(… o dei posti che vorresti sotto casa)
di Alfonso Isinelli
Gallerie d’Italia è un progetto nato per mettere insieme e renderle disponibili al pubblico, collezioni d’arte del gruppo Intesa San Paolo. Quattro i siti: Vicenza (la prima ad essere inaugurata), Milano, Torino, Napoli.

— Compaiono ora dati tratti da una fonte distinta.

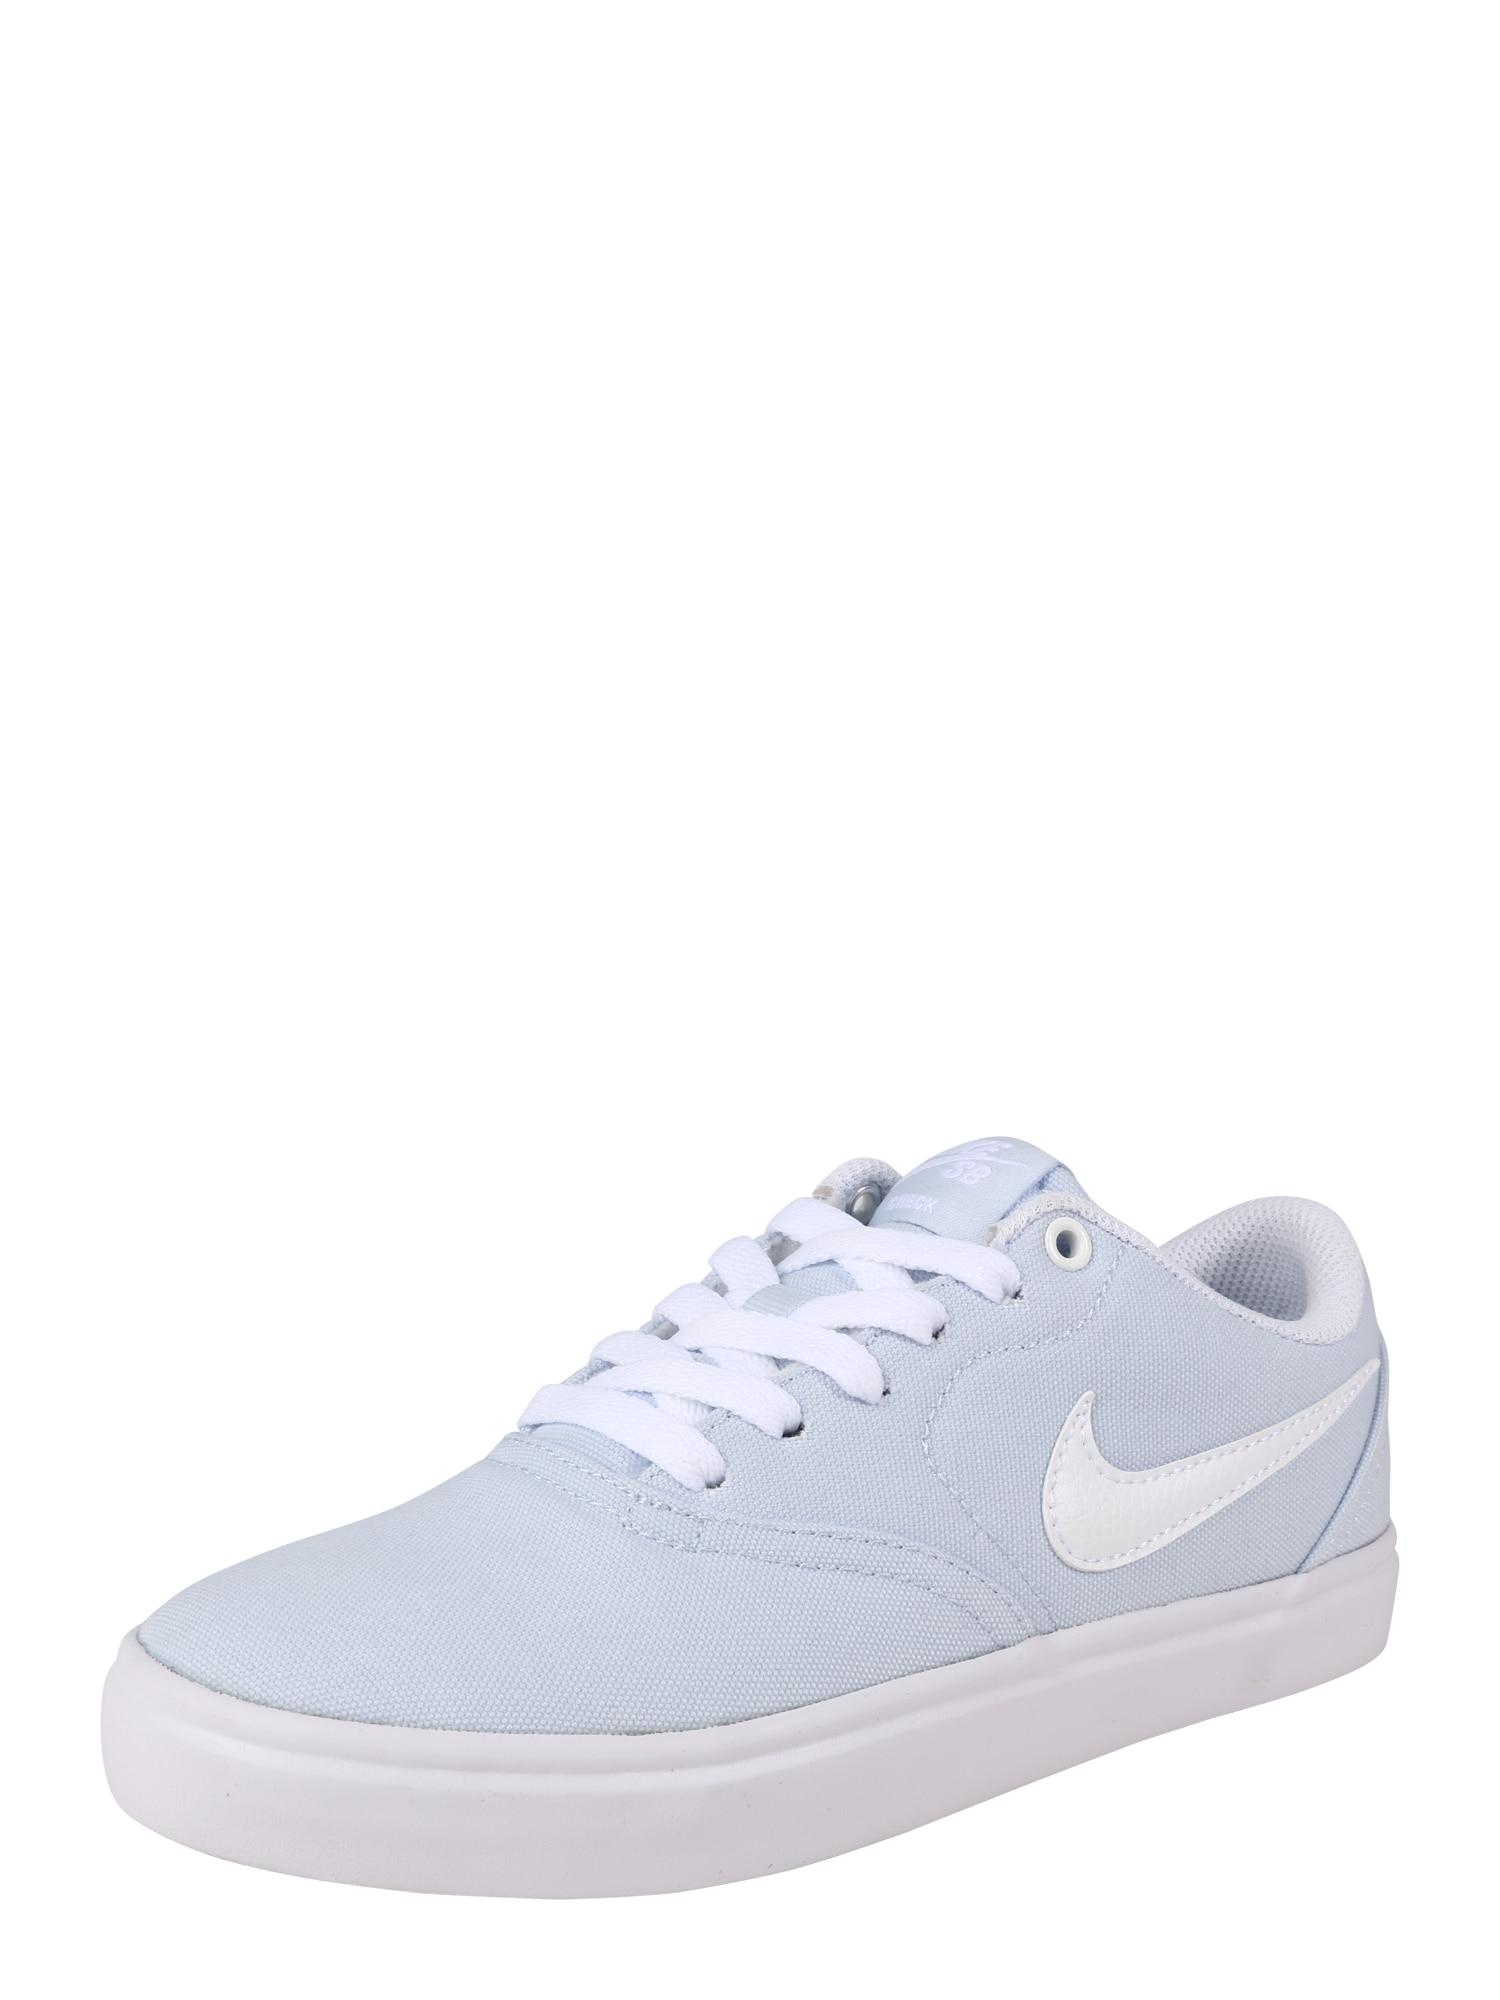 Sportovní boty Solarsoft Canvas blau weiß Nike SB

Nelle ultime tre città, si è deciso di affiancare alla parte museale, un’attività ristorativa, non fine a se stessa ma legata al territorio che ospita la struttura, in particolare da chi ci opera in prima persona.
La prima apertura è stata quella di Voce a Milano, affacciata su Piazza della Scala ed affidata alle mani di Alessandro Negrini e Fabio Pisani di Aimo e Nadia, che hanno inizialmente scontato il fatto di essere i primi a lanciarsi nell’avventura. È passato qualche tempo prima che aprissero le altre due strutture: Caffè San Carlo e il ristorante Scatto a Torino nelle mani dei Costardi Brothers.
Infine al Banco di Napoli, lì dove venne firmata la famosa fideiussione per l’acquisto di Maradona, nell’anno in cui Napoli e il Napoli ritornano a fare festa. Si tratta della triade Luminist, Anthill e 177Toledo, progetto originale e totalizzante di Giuseppe Iannotti.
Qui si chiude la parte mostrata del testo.